Paper forests.

AuthorMattoon, Ashley T.
PositionNegative effects of pulp plantations

Billions of trees are being planted to meet the world's soaring appetite for paper, but pulp plantations are hardly forests.

Open up International Paper's web page and the first thing you see, in large bold print, is: "We Plant an Average of 50 Million Trees Annually." International Paper bills itself as the world's largest private seedling grower: the company produces more than 300 million "genetically-improved" SuperTree[R] seedlings per year. Those aren't just trees they're planting - they're super trees. IP may be the biggest planter, but it is hardly unique in either word or deed. All over the world, large pulp and paper operations are cutting - and planting - trees at a record pace. And in an effort to convince the public that they are not only using forests responsibly, but improving them, the companies arc continually churning out feel-good slogans like: "for every tree harvested, two are planted," "there are 20 percent more trees in the United States today than there were in 1970," "managed forests will help prevent global warming by absorbing carbon," and so on.

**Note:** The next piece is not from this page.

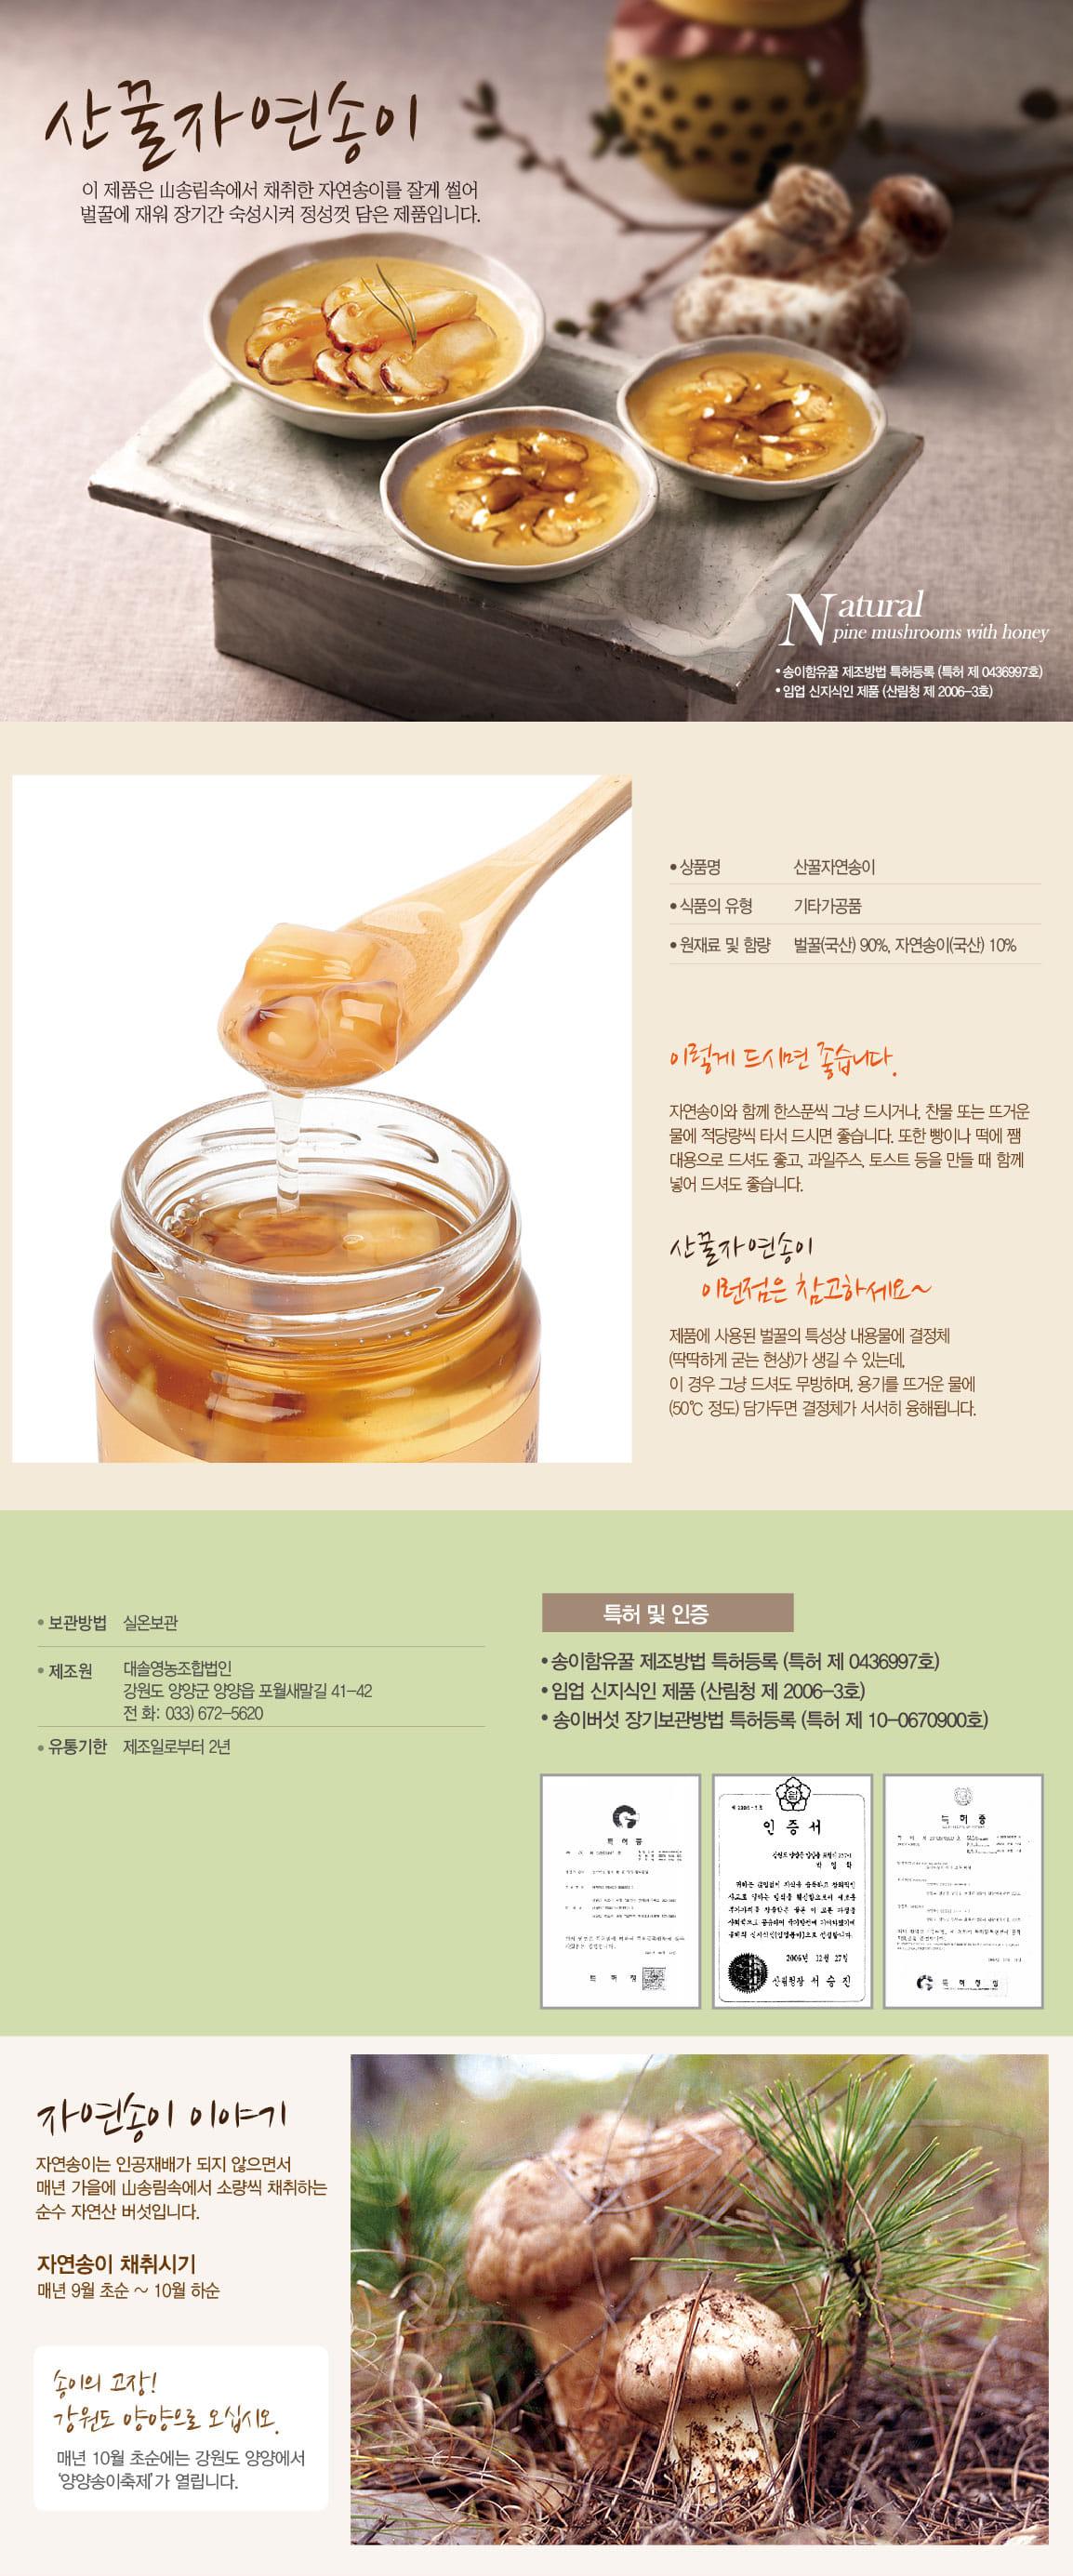 산꿀자연송이 벌꿀 꿀물 꿀차 자연송이

The claims go even further than that. Even as the Earth's natural forest area continues to shrink by as much as 16 million hectares per year, the major pulp and paper companies present themselves as a sort of antidote to the trend. The industry, which posted 1995 sales in excess of $337 billion, argues that it's actually creating forests. And while it sometimes acknowledges that these artificial forests house very little biological diversity, it generally claims that the spread of intensively managed tree plantations is good news for the natural forests that remain. Plantations, the argument goes, are potentially so productive that they could largely satisfy, the demand for wood products, thereby relieving pressure on natural forests. Proponents of this view argue that the world's entire pulpwood demand could be met by a relatively small area of plantations. One recent study, based on 1993 data, concluded that plantations covering 40 million hectares could have met the world's total wood fiber demand for pulp in that year. That's an area less than 30 percent the amount of cropland usually planted in corn (about 140 million hectares).

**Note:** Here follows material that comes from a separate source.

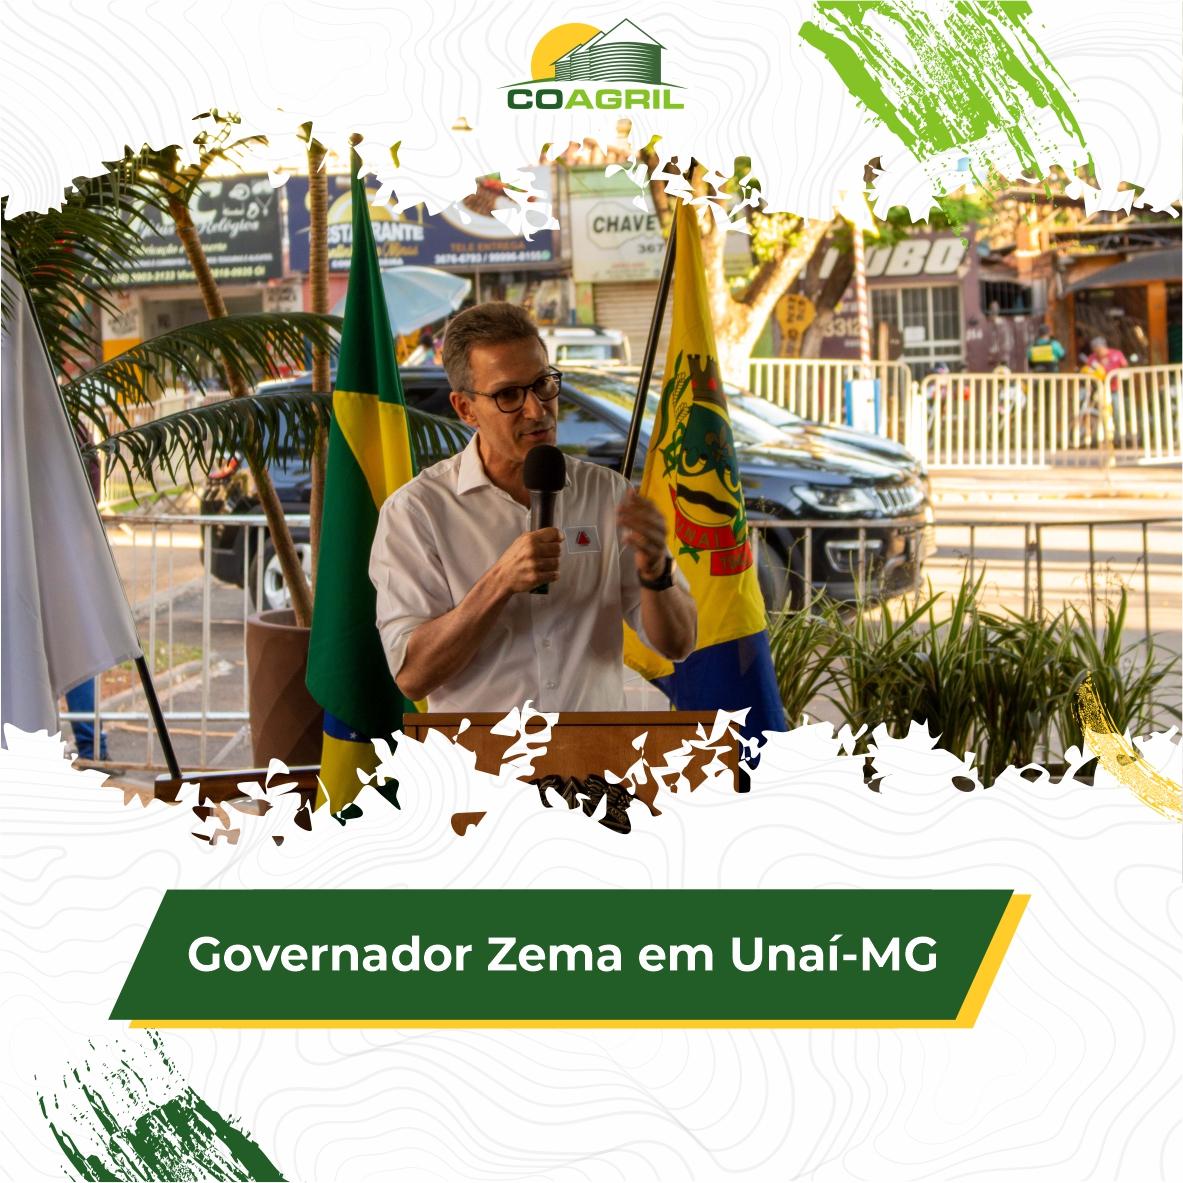 Governador Romeu Zema visita Unaí-MG

Pulp and paper companies are not alone in their high expectations for industrial tree plantations. Many forestry consultants, governments, and even environmental groups see large-scale plantation forestry as the key to a sustainable wood supply for what is the most rapidly growing portion of the forest products sector: the production of woodchips and pulp to make paper, particle board, and other reconstituted wood products. Some argue that the global shift to tree farming is the forester's equivalent to the agricultural "Green Revolution" which favored high-yield crop varieties and large, mechanized farms at the expense of smaller, more diverse operations.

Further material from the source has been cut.